Le portfolio prend alors la forme d’un bilan de compétences permettant, entre autres, à l’apprenant de lister les compétences acquises et compétences à développer. Utilisé généralement par les évaluateurs, le bilan de compétence permet d’évaluer la progression et « de vérifier dans quelle mesure tel ou tel sujet est en mesure de démontrer sa maîtrise des compétences visées par le programme auquel il est inscrit » (Boutin, 2004, p. 32).

Que retenir ?

➢ Un nouveau paradigme surgit dans le monde de la formation : on passe d’une ingénierie de la formation à l’ingénierie des compétences :

- L’ingénierie de la formation s’intéresse aux dispositifs de formation, en développant une approche par objectifs (APO)

- L’ingénierie des compétences s’intéresse aux compétences des individus, en développant une approche par compétences (APC)

➢ L’APO vise à transmettre des connaissances aux apprenants et s’intéresse à la réalisation d’une action. Elle se caractérise par :

- Une parcellisation des contenus scolaires qui va du plus simple au plus complexe

- Une explicitation quant aux apprentissages attendus - Une reproduction d’acquis dans des situations similaires - Des apprentissages donnés par les enseignants

➢ L’APC a pour objectif d’aider les apprenants à construire eux-mêmes leurs connaissances.

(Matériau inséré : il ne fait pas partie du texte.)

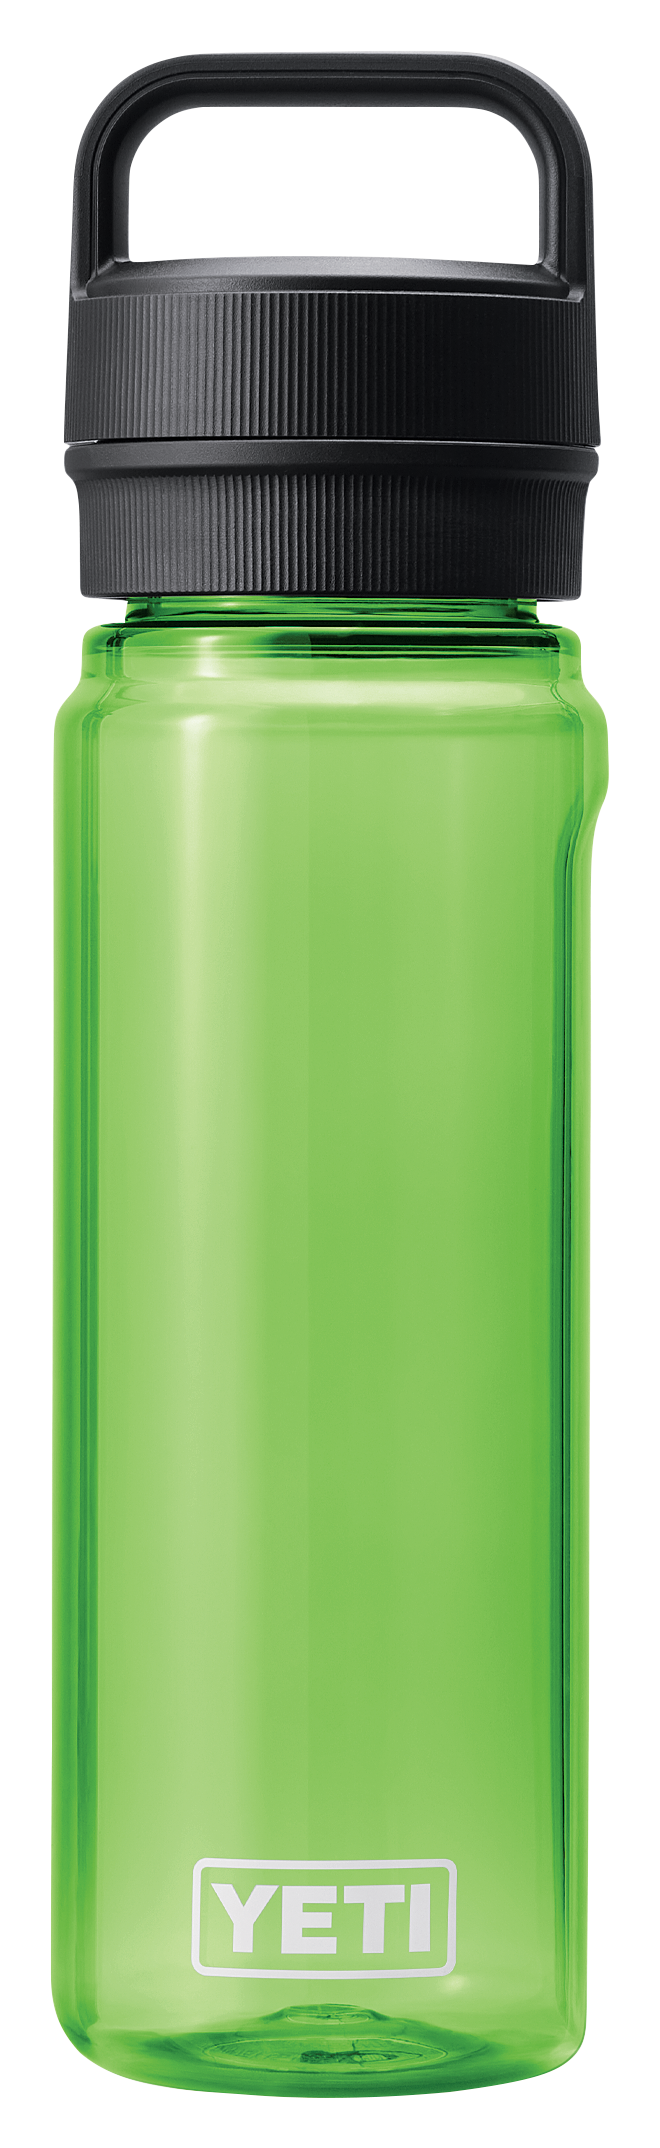 Yeti - 25 oz Yonder Water Bottle - Charcoal

Les caractéristiques sont alors :

- De place l’individu au cœur de l’apprentissage

- De réaliser des tâches allant du plus complexe au plus simple - De mettre l’accent mis sur les situations inattendues

- De bénéficier de l’aide d’un enseignant-facilitateur

➢ L’approche par compétence fait en sorte que les individus tâchent d’exploiter leurs compétences en situation.

L’évaluation permet de contrôler et réguler les apprentissages des apprenants.

➢ Deux méthodes d’évaluations : l’évaluation formative et l’évaluation sommative - L’évaluation formative intervient à différents temps de l’apprentissage. Elle

permet de cibler les progrès et lacunes de l’apprenant

- L’évaluation sommative permet d’évaluer, à la fin d’un processus d’apprentissage, les niveaux de performance atteints par l’apprenant

➢ L’évaluation par compétences a pour objectif de repérer les compétences de l’apprenant et sa maîtrise des ressources, dans les situations complexes.

➢ La notion de situation est importante en APC car c’est par ce biais que l’examinateur peut inférer les compétences des individus.

➢ Pour évaluer la compétence, l’examinateur doit :

- Créer des critères et indicateurs adéquats permettant de décrire les compétences attendues

- Concevoir des situations-problèmes - Privilégier une évaluation formative - Développer la réflexivité de l’apprenant

➢ Le portfolio est un outil efficace car il permet à l’apprenant de réfléchir sur ses actions et de contrôler ainsi son apprentissage pour s’évaluer.